Hakoda was particular with his targets; his men only went after patrols or outposts, and kept away from the settlements. The border towns and villages were all conquered Earth Kingdom people, after all, and liberating a town would be a short-lived thing.
“Until we can push them back, freeing a town in the middle of enemy territory might just see its inhabitants slaughtered when the Fire Nation returns in force.” The baron’s reasoning was depressingly sound, so Hakoda did all that he could to keep the enemy’s ruthless attention away from the innocent.

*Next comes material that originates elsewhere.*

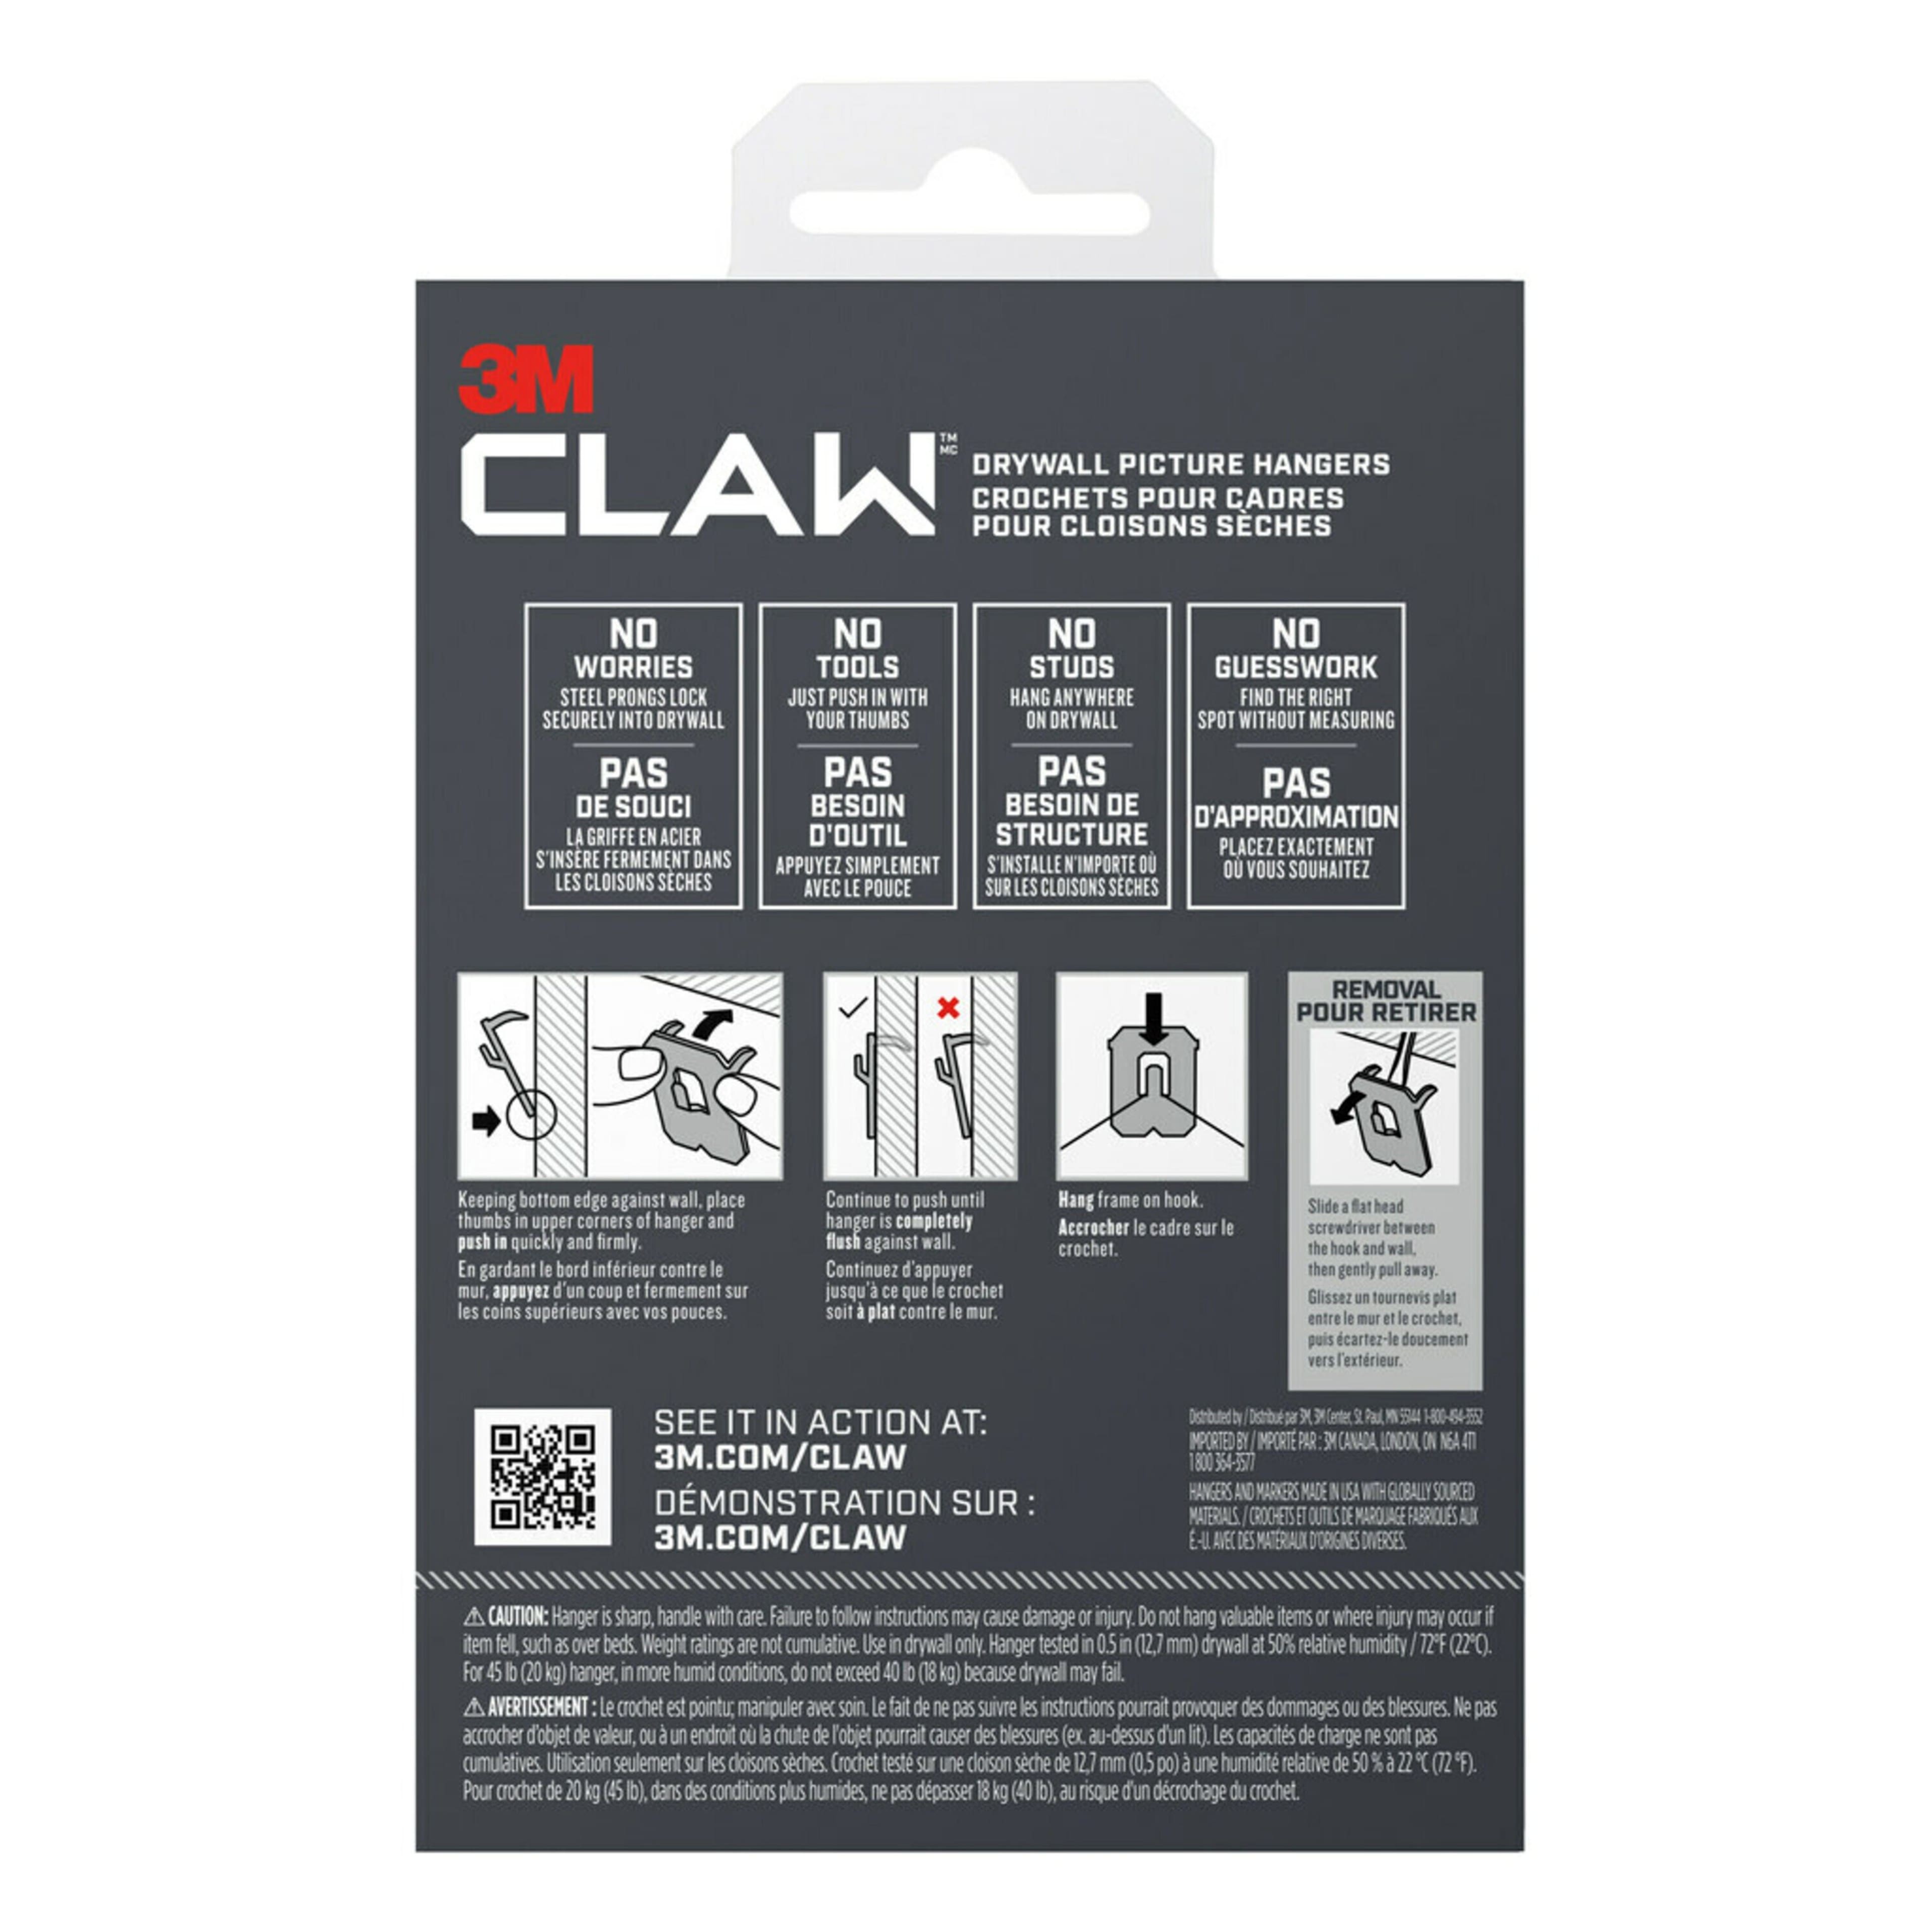 3M 45-Pound Claw Drywall Picture Hanger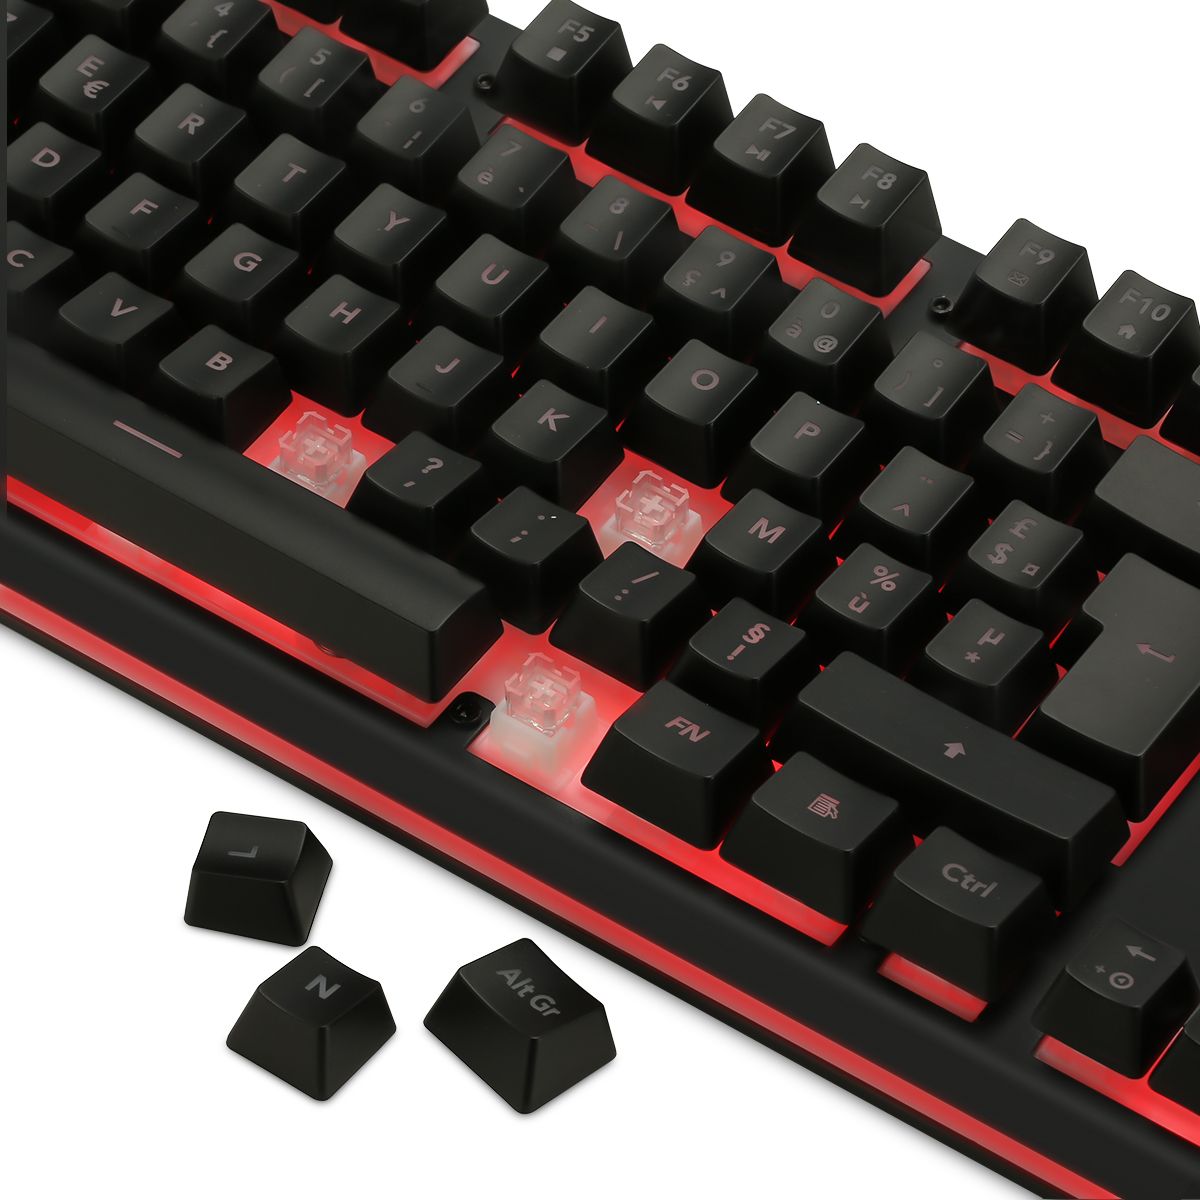 Meco-104Keys-RGB-LED-Effects-French-German-English-Layout-With-Mechanical-Handfeel-1170907

Unfortunately, he realized too late that his force became too successful. For all their mobility and cunning, Hakoda awoke in the middle of one night to urgent news.
“Hakoda, we have to move!” Bato said as he returned from his scouting in a panic. “Fire Nation forces are headed this way!”
A night march? That sounded desperate. Yet…
“How big?”
“Enough,” his old friend answered with a gasp of air. “They bear the scorpion on their standard.”
The raiders immediately broke camp, knowing better than to seek a futile last stand. They were about to move out, but muted bursts from faraway made Hakoda turn to the forest canopy. He didn’t see anything but the movement of leaves, but that was enough for his warriors’ instincts.
“Everyone, ready yourselves for attack.” Thankfully, that order was redundant, as his warriors were already rushing to arm themselves.
The raiders of the Southern Water Tribe were just about to enter formation when shadows fell from the night sky and landed amongst them. The campfires gave the armored forms a menacing, blood red appearance. Their faces were masked under chainmail veils, adding to their air of dread.
“Surrender, raiders.” The voice was young. Hakoda was briefly reminded of Sokka, and then his heart almost froze as he realized who was speaking.
“Never, Scorpion.” The chieftain grimly lowered his blade, and his warriors quickly closed into formation, shields forming a protective shell. The Scorpion shifted into a bending stance in response…
…and the expected barrage of fire did not appear. Instead, Hakoda gasped in surprise as the air around him turned colder than his home, snuffing out the campfire and causing his nose, mouth and lungs to burn from the rush of cold air. The raiders staggered, reduced to shivering under their metal armor. Their formation faltered, and only then did the shadowy figures pounce.
Calling it a fight would be too generous. Hakoda and his men were wrangled up with barely any resistance.
“Never say never,” came the Scorpion’s voice as the faceless monster loomed over him.